Investec chief economist Annabel Bishop said South Africa’s interest rate cut cycle is expected to slow this year after two cuts in quick succession at the end of 2024.

South Africans have faced significant financial strain since the Reserve Bank began raising interest rates in 2021.  

Before this, the Reserve Bank had slashed rates to record lows to support households struggling during the Covid-19 pandemic. 

However, as inflation began rising in 2021, the SARB initiated its rate-hiking cycle in November of that year.  

This left many families grappling with the lockdown after-effects and the burden of higher interest rates, escalating inflation, and an increasing cost of living.  

By 2024, the Monetary Policy Committee (MPC) had raised rates by 475 basis points, pushing the repo rate to 8.25% and the prime lending rate to 11.75% – both 15-year highs.

This sharp increase hit South African households hard, particularly homeowners, who saw their monthly home loan repayments skyrocket.

The final rate hike in this cycle came in May 2024. Despite mounting calls from citizens and experts to reduce rates and provide relief, the SARB held rates steady for several months.

In September 2024, with inflation easing significantly within the target range, the SARB responded by cutting rates for the first time in years. 

The MPC announced a 25-basis-point cut in September, followed by another 25-basis-point reduction at its November meeting.

Now, the MPC will meet again on 30 January to decide the fate of South Africa’s interest rates.

The SARB is expected to cut interest rates in January, but further cuts in 2025 will depend on inflation and global financial conditions.

Experts widely expect the committee to continue its cutting cycle and decrease rates by 25 basis points at the January meeting.

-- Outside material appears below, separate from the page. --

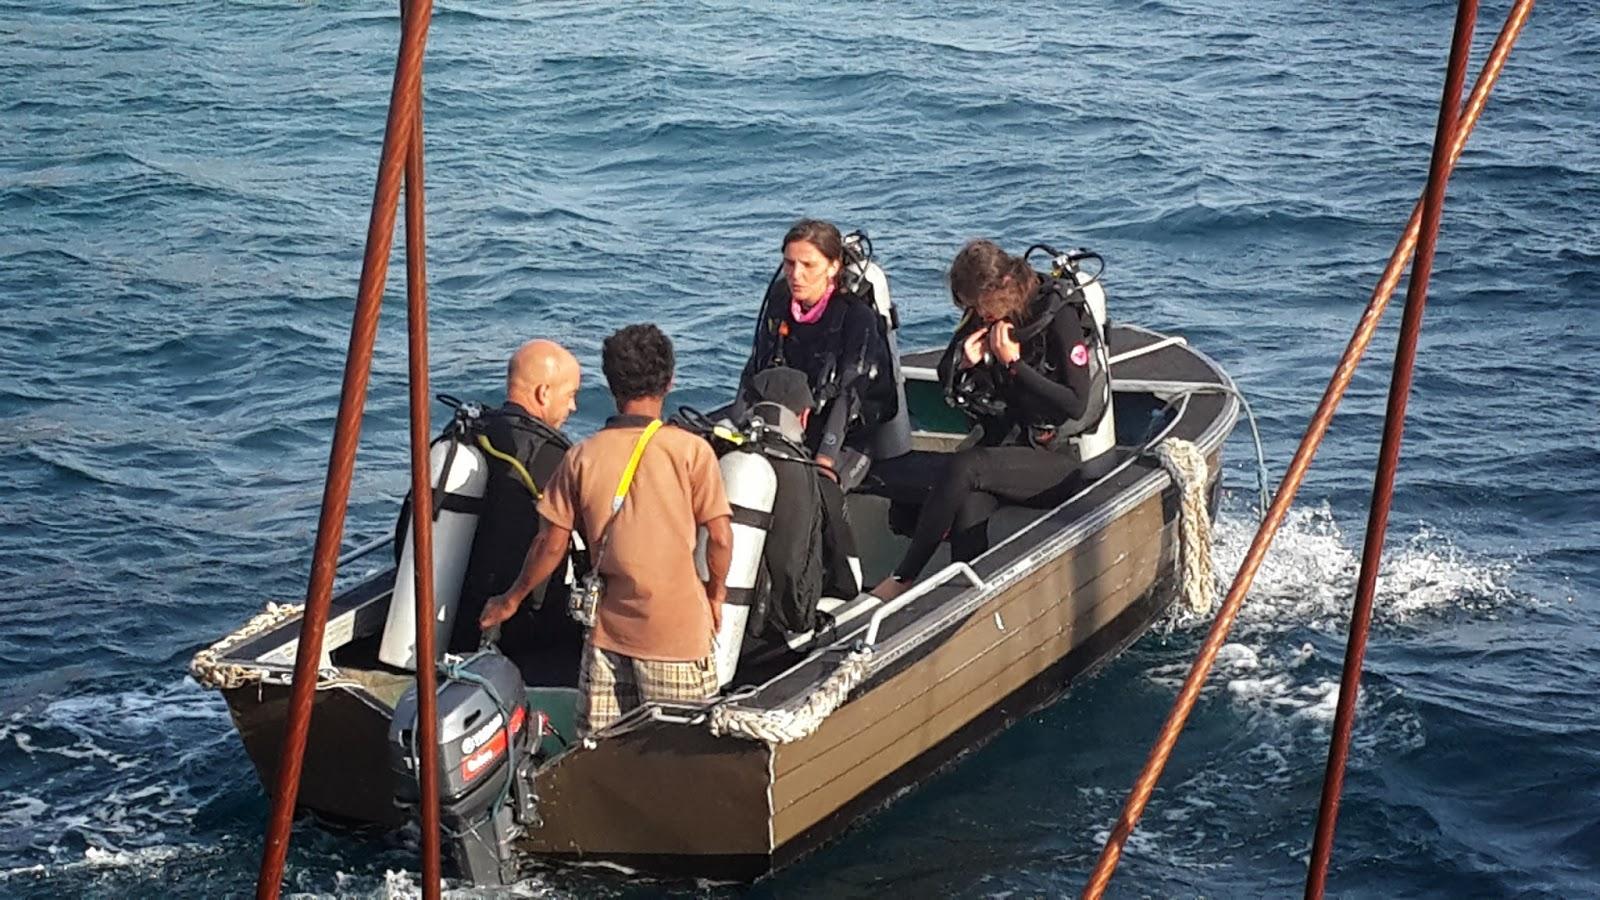 Croisière Plongée à bord d' Antares (voilier traditionnel) en Indonésie - www.piratesbaycroisiere.fr

This would bring the repo rate to 7.50% and the prime lending rate to 11%.

Bishop explained that inflation in South Africa has fallen below the SARB’s 3% to 6% inflation target range, dropping to 2.8% in October and rising only slightly to 2.9% in November.

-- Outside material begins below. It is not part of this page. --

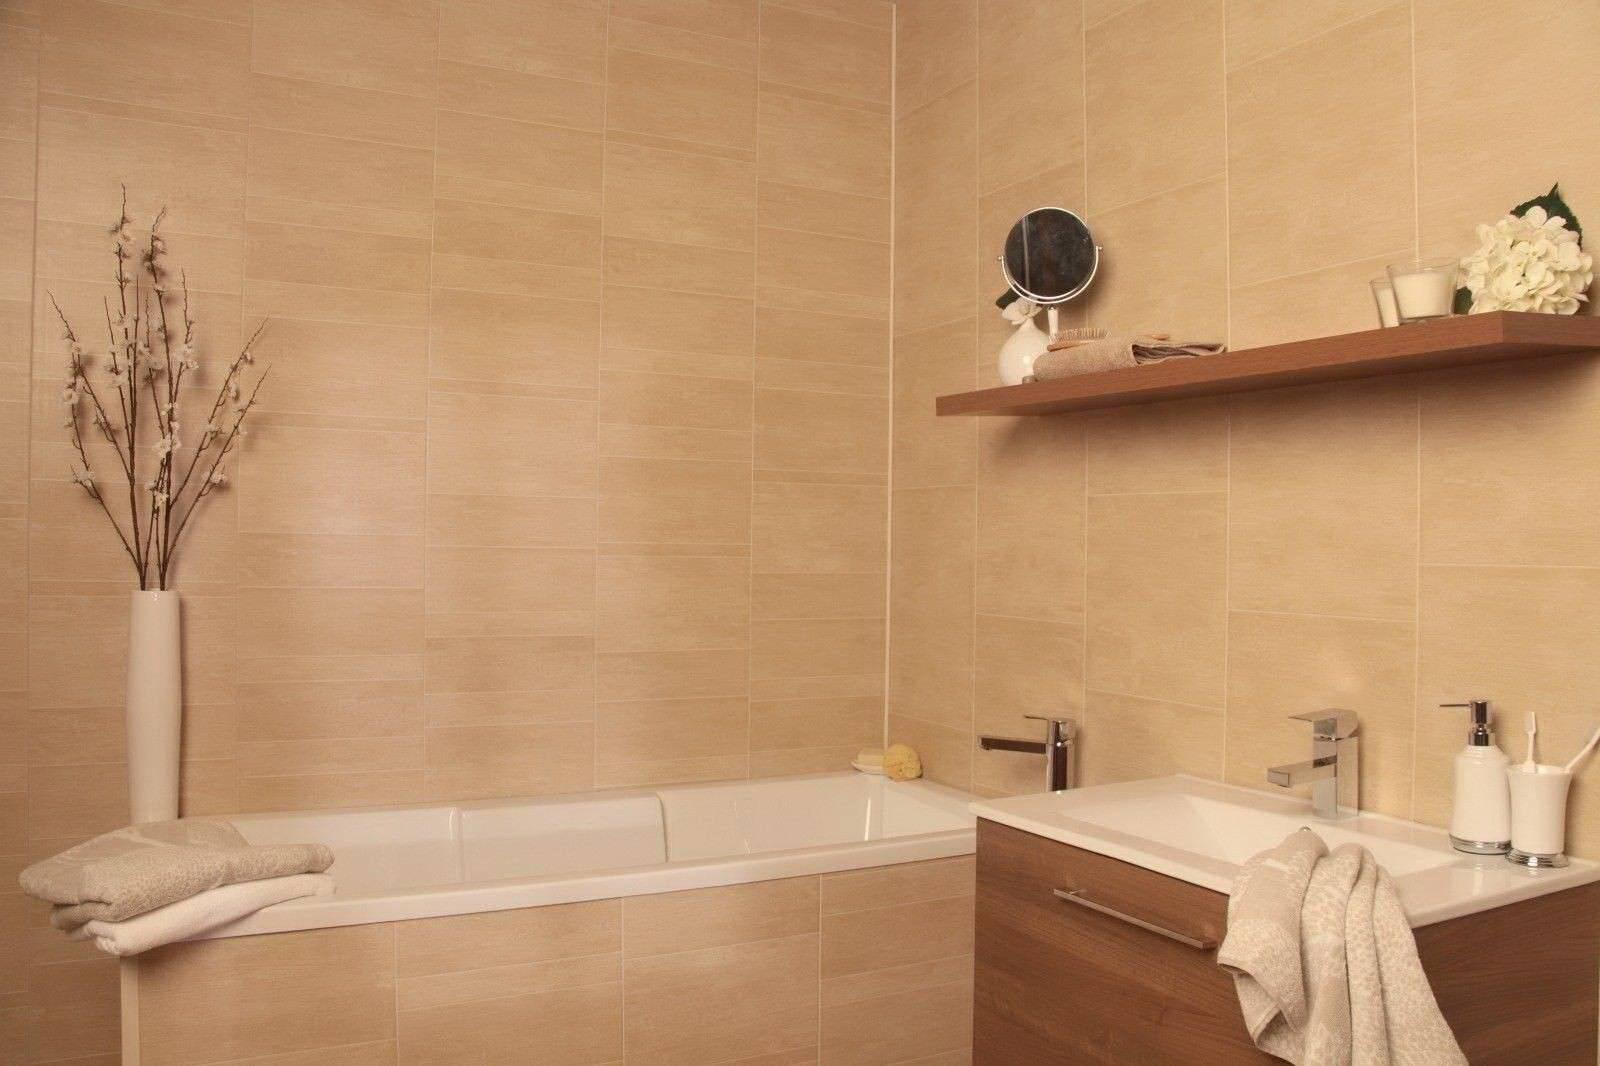 Влагостойкие листовые панели мдф для стен ванной (виды и монтаж)

December’s inflation outcome is also expected to be close to 3.0%.

Bishop expects inflation to average 3.5% in 2025 and 4.6% in 2026, while the SARB will continue to target the midpoint of its range, 4.5%.

However, despite this positive outlook for inflation, Bishop warned that South Africa’s Forward Rate Agreement curve has only priced in around one 25-point cut in the repo rate this quarter.

Bishop’s expectations align with market expectations, with seemingly one interest rate cut expected for this year.

Marek Drimal, a strategist at Societe Generale in London, said in a note to clients that the Reserve Bank may even delay the cut until March due to less favourable market and external financial conditions.

Bloomberg reported that Drimal and the market’s view is contrary to what most economists expect for this year. 

They foresee two 25-basis-point cuts in the first three months of the year and another by the third quarter.

This would bring the MPC’s total cuts since starting its easing cycle in September to 125 basis points.

Governor Lesetja Kganyago has repeatedly said the MPC will proceed with caution on rates as the outlook remains uncertain, even as its modelling signals further cuts on the horizon.

Bishop explained that lower expectations for cuts in 2025 are largely driven by a change in projections for rate cuts in the US this year.

“Fewer interest rate cuts than have been expected are a risk for South Africa, although this will remain dependent on the domestic inflation outlook,” she said.

“Expectations for interest rate cuts in the US have moderated, from three 25 basis point drops to one definite 25 basis point drop, and currently just under 70% chance of a second for this year.”